Day One

I woke up early today.  4:21 AM to be exact.  Today marked the first morning without tears. I’ve mentally prepared for the fight and woke up ready to step into the arena.

My morning was calm and spent with family.  Teri faithfully packed my bags as all the kids hung out with me in our bedroom chatting.  Once the bags were backed, it was time for farewells.  The older kids, having more understanding of the treatment plans, were full of encouragement.  Nate, in typical six-year old fashion, gave me a hug and said he hoped for me to get better.  Then, he promptly darted outside to ride his new bike. Lanie, a true Daddy’s girl, got the longest hugs and had the most tears. Nine years old is a tough age to make sense of the cruel world in which we live. Thankfully, she is doing a great job of it and personifies resilience.

Things started with an appointment at my Oncologist’s office. Teri was able to attend with me and we learned results from my bone marrow biopsy.  Here are the facts. My bone marrow is full of Lymphoblastic Leukemia cells. My Leukemia is focused on B-cells, rather that T-cells. And, I have the Philadelphia chromosome.

What does all of this mean? The high cell count in my marrow was to be expected since they first identified it through A-Typical cells in my peripheral blood.  The B-cell focus of my Leukemia is the first major answer to prayer.  T-cell focused Leukemia has fewer treatment options. As for the Philadelphia chromosome, it is what it is.  It complicates treatment a bit and almost ensures that I will need a bone marrow transplant. However, there have been significant advancements and we are moving ahead unfazed.

After the MD appointment, the fun really began.  It was like getting dropped off at summer camp.  Now, I’ve never been to summer camp.  But, if it really is similar to how I felt today, I totally understand why some kids chase their parents in effort to get back in the car.

Upon getting to the room, the fun continued.  First was getting a PICC line.  Shout out to Cheryl, my PICC line nurse. She was amazing and kept me calm through the entire process.  Next was oral meds and a free round trip to ultrasound for testing.  For those of you who don’t know, Acute Lymphoblastic Leukemia includes the risk of cancer cells taking refuge in one’s wobbly bits (censored for any minors who might be reading) as well as one’s central nervous system.  Praise God, the ultrasound was clear. Finally, the real goods.  My first dose of chemo is on board.

The system of checks and double checks before administering the chemo is like War Games and we have gone to DEFCON 2.  Personally, I’m good with it.  It makes feel more confident in what everyone is doing.

So, there you have it.  Day 1 is in the books. I’ll have oral meds daily and chemo weekly for the next four to six weeks.  In the meantime, we will test family members for bone marrow matching and see who may match from the national database.
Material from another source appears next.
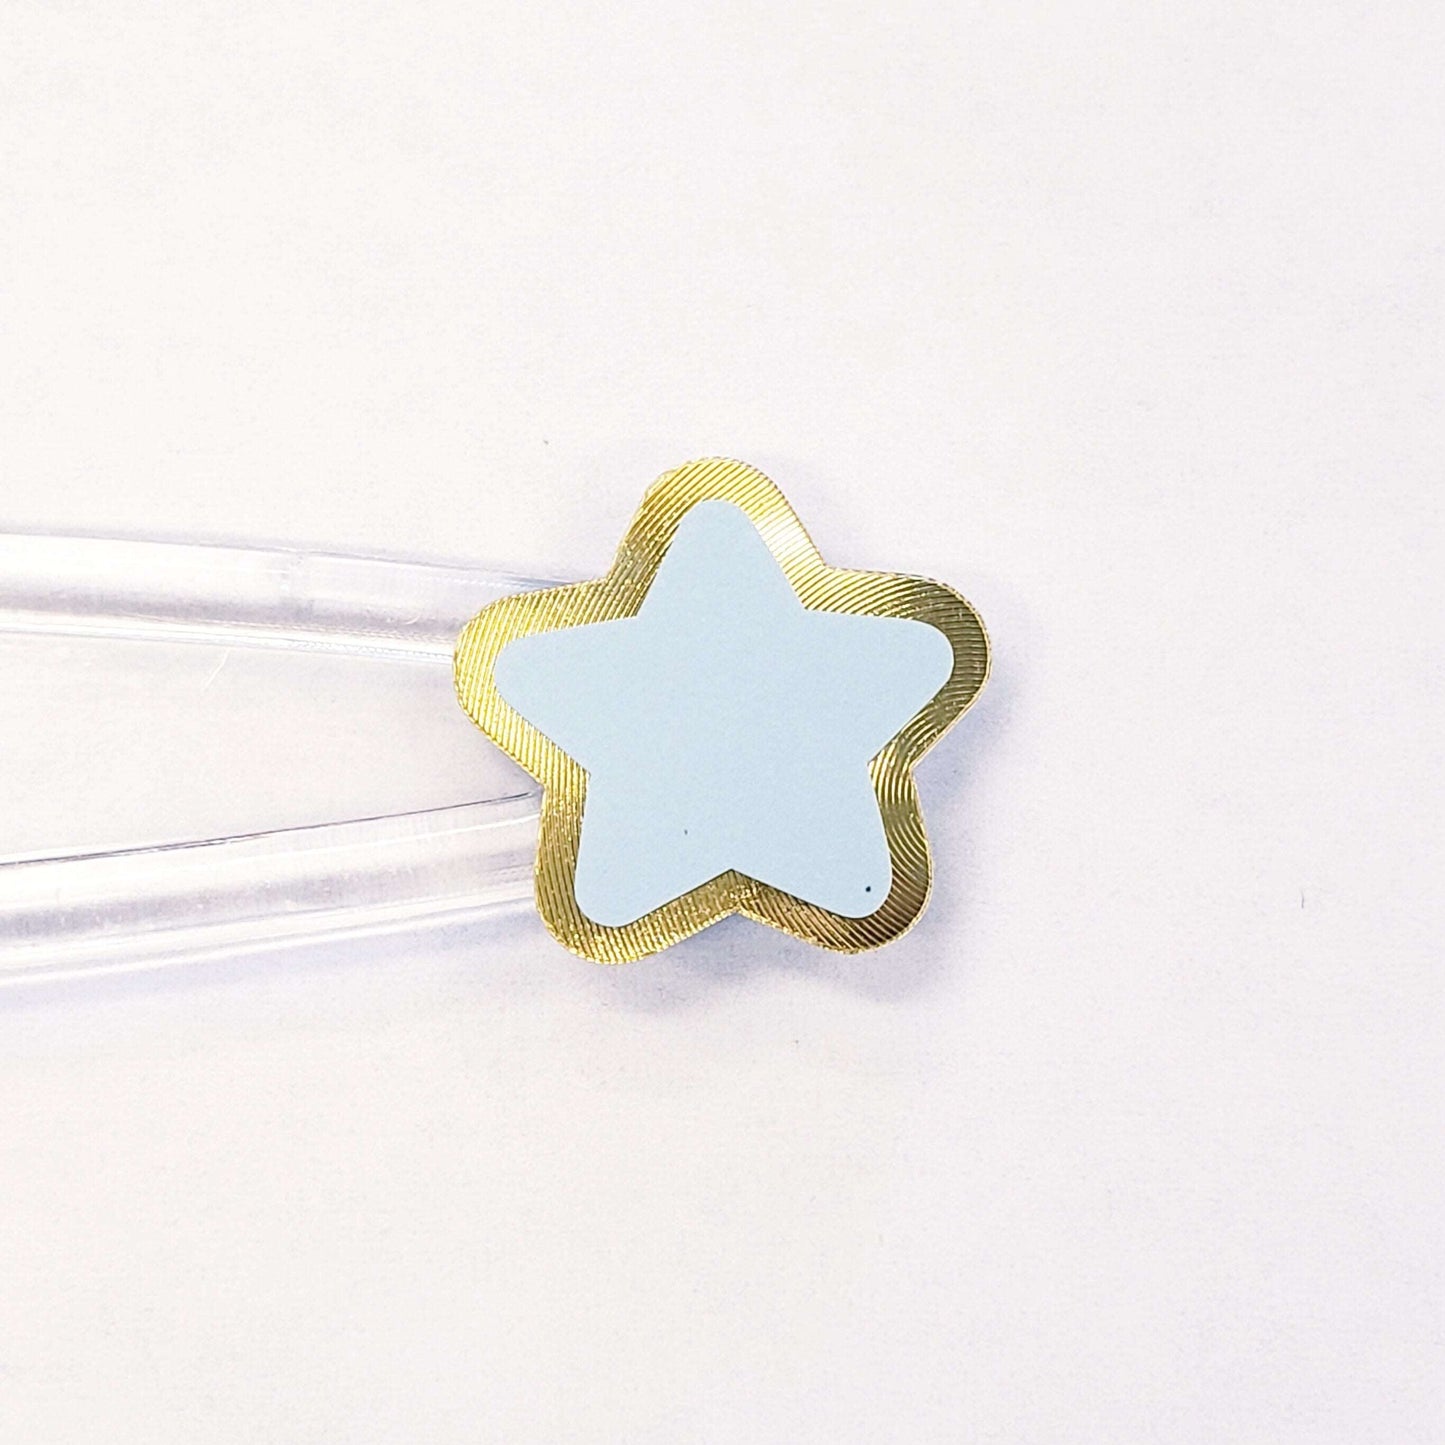 Pastel Rainbow Star Stickers, set of 70 small soft colored kawaii stars for cards, journals, envelopes, invitations, laptops and crafts.

I can’t adequately articulate my thanks to friends and family for such overwhelming support. Tonight, I want to specifically thank my best friend, my wife. Teri, you are the richest blessing this side of salvation. Without your calm rock-solid faith, I would certainly drift like a ship without its anchor. You encourage me in the valleys, keep me grounded on the mountain tops, and love me without conditions. No one deserves such love, especially me.  It is by God’s grace that I have you at my side.  I love you!